PowerVR Rogue Architecture

Discussion in 'Mobile Graphics Architectures and IP' started by Rys, Oct 17, 2014.

Tags:
  1. Lazy8s

    Veteran

    Joined:
    Oct 3, 2002
    Messages:
    3,100
    Likes Received:
    19
    Those extra mobile CPU cores may be underutilized in general device usage and currently in graphics usage under GL ES, but Vulcan's (and similarly Metal's) multi-threaded capabilities help fix that for graphics and GPU compute, at least.
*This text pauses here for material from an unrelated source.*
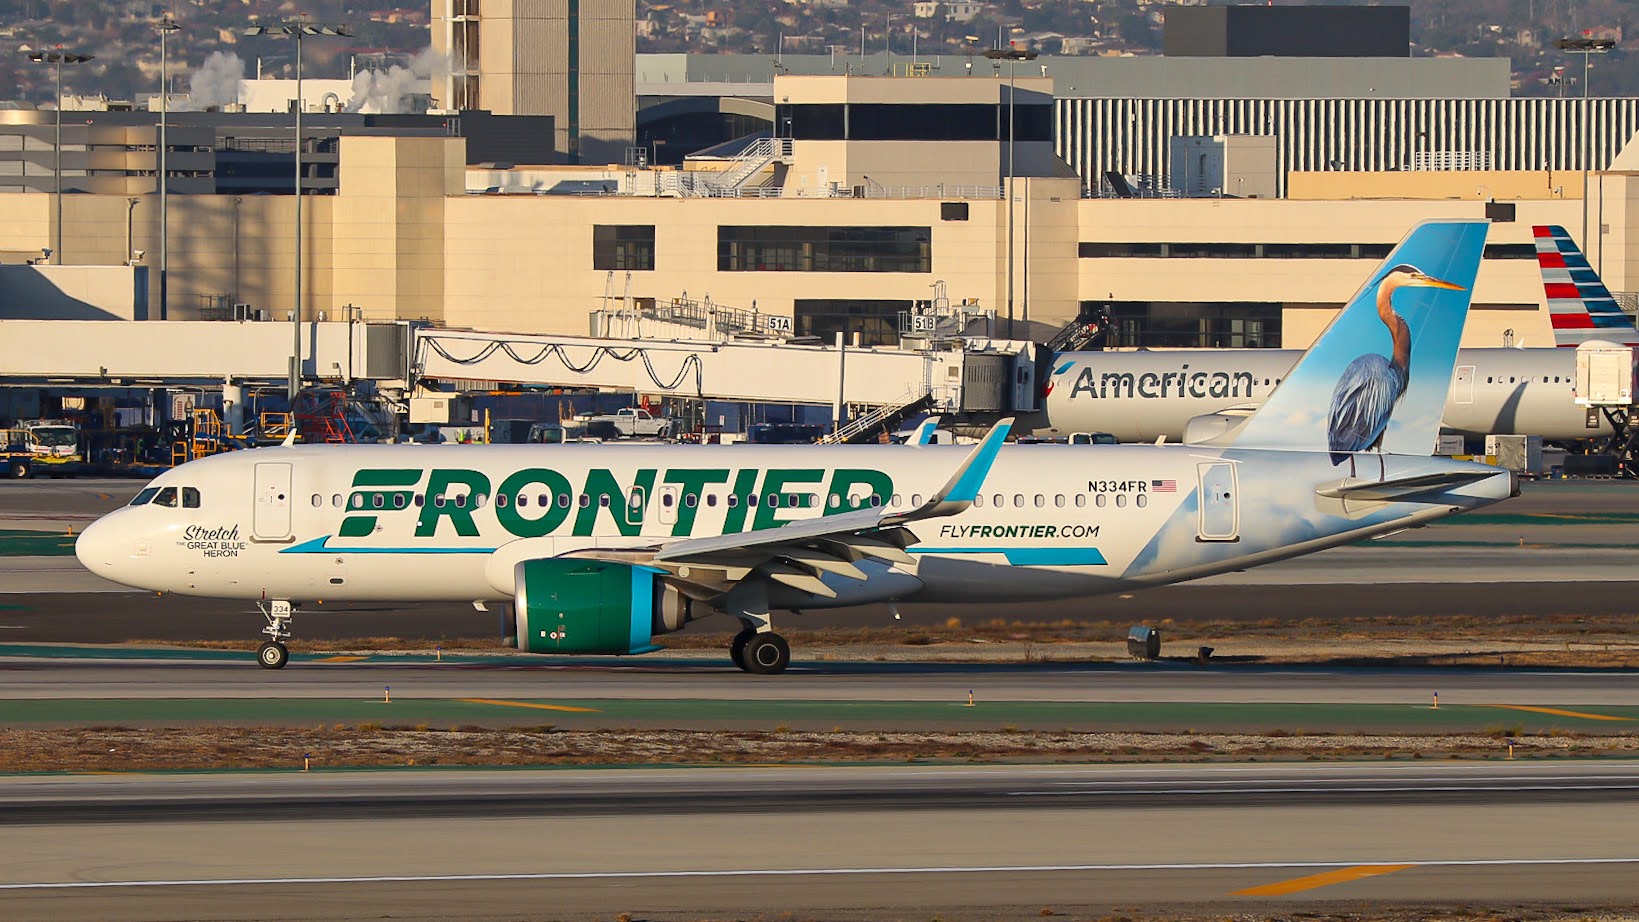 Photo of N334FR - Frontier Airlines Airbus A320neo at LAX

    Great demo for clearly showing the benefits of multi-processing the regenerated command buffers and keeping the GPU well fed.
     
  2. Ailuros

    Ailuros Epsilon plus three
    Legend Subscriber

    Joined:
    Feb 7, 2002
    Messages:
    9,468
    Likes Received:
    187
    Location:
    Chania
    True. However the purpose of big.LITTLE isn't to have all 8 cores at 2 quad clusters f.e. to run always at full tilt. If then you'd actually burn far more power then it was ever purposed for. As with all things what we need is a fine balance between performance and power consumption or better battery life. It won't do me any good if I get all my "8 cores" maxed out as much as possible if I have to run for a power plug about every hour.
     
    Grall likes this.
  3. Rys

    Rys Graphics @ AMD
    Moderator Veteran Alpha

    Joined:
    Oct 9, 2003
    Messages:
    4,174
    Likes Received:
    1,545
    Location:
    Beyond3D HQ
    The thing to remember is there are CPU benefits to be had whether you have one CPU or many. Even outside of multi-threaded use, there's just less CPU work happening in a Vulkan app and client driver in order to have the GPU do work.
     
  4. Infinisearch

    Veteran Regular

    Joined:
    Jul 22, 2004
    Messages:
    779
    Likes Received:
    146
    Location:
    USA
    Don't you mean potentially less? Since the responsibilities of the driver have been handed off to the application, doesn't it depend on exactly how the application deal with what the driver was responsible for before?
     
  5. Rys

    Rys Graphics @ AMD
    Moderator Veteran Alpha

    Joined:
    Oct 9, 2003
    Messages:
    4,174
    Likes Received:
    1,545
    Location:
    Beyond3D HQ
    Drivers for APIs like GLES do far far more than a Vulkan application now has to do, even though some of the responsibilities have shifted.
     
  6. Infinisearch

    Veteran Regular

    Joined:
    Jul 22, 2004
    Messages:
    779
    Likes Received:
    146
    Location:
    USA
    Can you give me some insight into this? I'm at a loss... I thought all the responsibility was shifted but since the application knows things about what its doing it can handle said responsibilities more efficiently depending on implementation.
     
  7. Rys

    Rys Graphics @ AMD
    Moderator Veteran Alpha

    Joined:
    Oct 9, 2003
    Messages:
    4,174
    Likes Received:
    1,545
    Location:
    Beyond3D HQ
    I don't want to do a disservice to the story of how a GPU driver goes about the business of commanding a GPU via a client API, but things like workarounds for badly behaved apps (you'd cry if you could see how much of that crap happens), online shader compilation, support for inherently branchy host work like render state validation, code to figure out what to do because the spec is so loose and ill-defined: they are all things that are either completely gone from either side or significantly reduced in either Vulkan driver or Vulkan-using app.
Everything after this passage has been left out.